Koolhydraten die in het membraan aanwezig zijn, zijn vertakte of niet-vertakte oligosacchariden, bijvoorbeeld hexose, fucose, hexoamine, siaalzuur, enz. Eiwitten kunnen vezelig of bolvormig, structureel, drager, receptor of enzymatisch zijn. Ongeveer 30 soorten enzymen zijn opgenomen in verschillende biomembranen, bijv. Fosfatasen, ATP-ase esterasen, nucleasen, enz.

De lipidemoleculen zijn amfiatisch of amfipathisch, dat wil zeggen dat ze zowel polaire hydrofobe (waterminnende) als niet-polaire hydrofobe (waterafstotende) uiteinden bezitten. Het hydrofiele gebied heeft de vorm van een kop, terwijl het hydrofobe gedeelte twee staarten vetzuren bevat.

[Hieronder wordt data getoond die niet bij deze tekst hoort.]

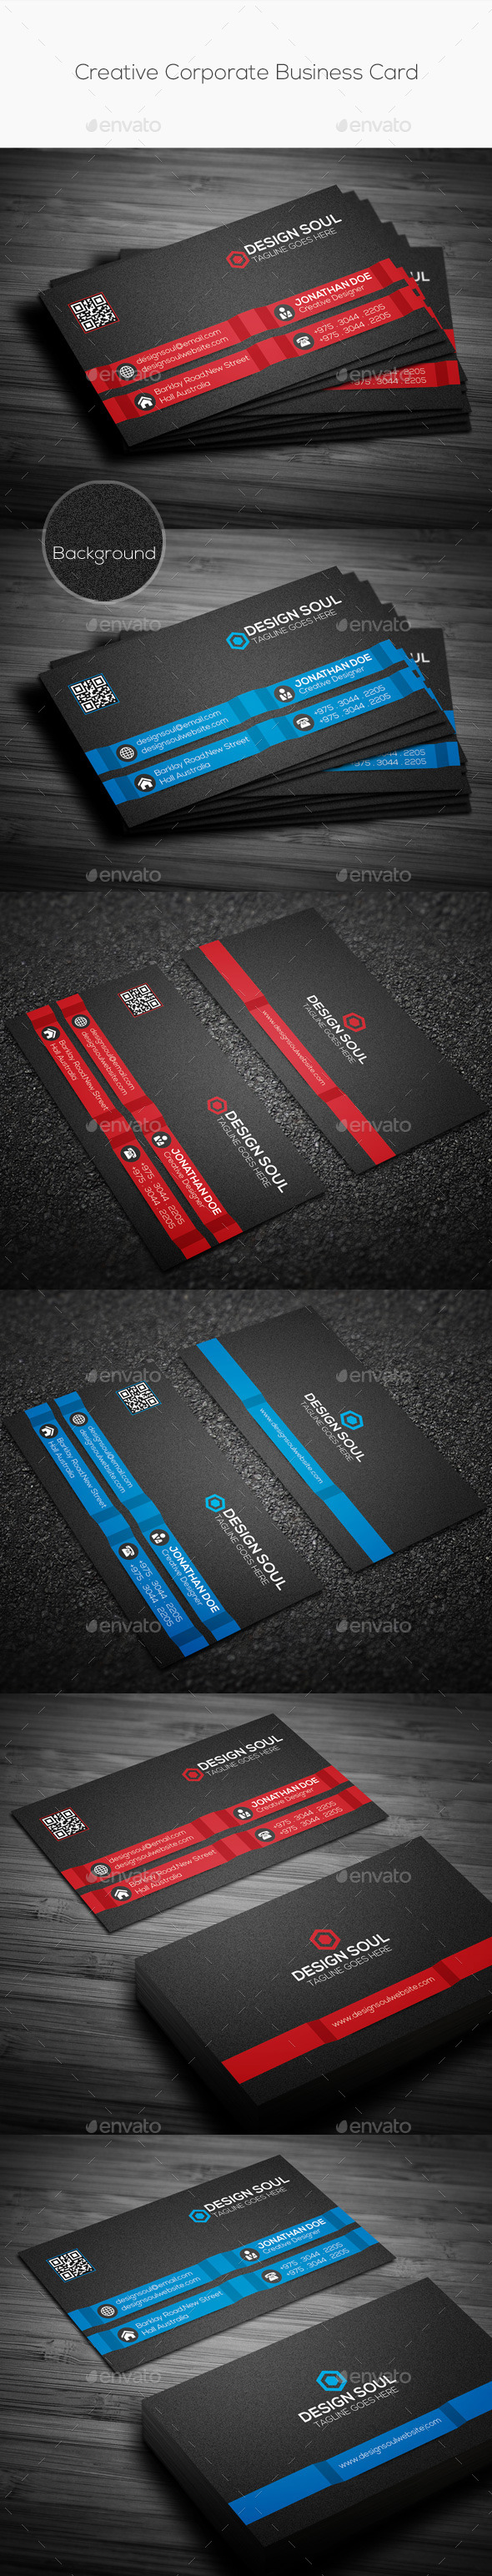 GraphicRiver Creative Corporate Business Card 10178104

Hydrofobe staarten treden meestal op in de richting van het midden van het membraan. Eiwitmoleculen bezitten ook zowel polaire als niet-polaire zijketens. Gewoonlijk zijn hun polaire hydrofiele verbindingen naar de buitenzijde gericht. De niet-polaire of hydrofobe koppelingen worden ofwel binnengevouwen gehouden of gebruikt om verbindingen tot stand te brengen met het hydrofobe deel van de lipiden. Verschillende soorten modellen zijn naar voren gebracht om de structuur van een biomembraan te verklaren. Des te belangrijker zijn Lamellar en Mosaic.

Lamellar-modellen (= Sandwich-modellen):

Het zijn de vroege moleculaire modellen van biologische membranen. Volgens deze modellen wordt aangenomen dat biologische membranen een stabiele gelaagde structuur hebben.

Danielli en Davson Model:

Het eerste lamellaire model werd voorgesteld door James Danielli en Hugh Davson in 1935 op basis van hun fysiologische studies. Volgens Danielli en Davson bevat een biomembraan vier moleculaire lagen, twee van fosfolipiden en twee van eiwitten. Fosfolipiden vormen een dubbele laag.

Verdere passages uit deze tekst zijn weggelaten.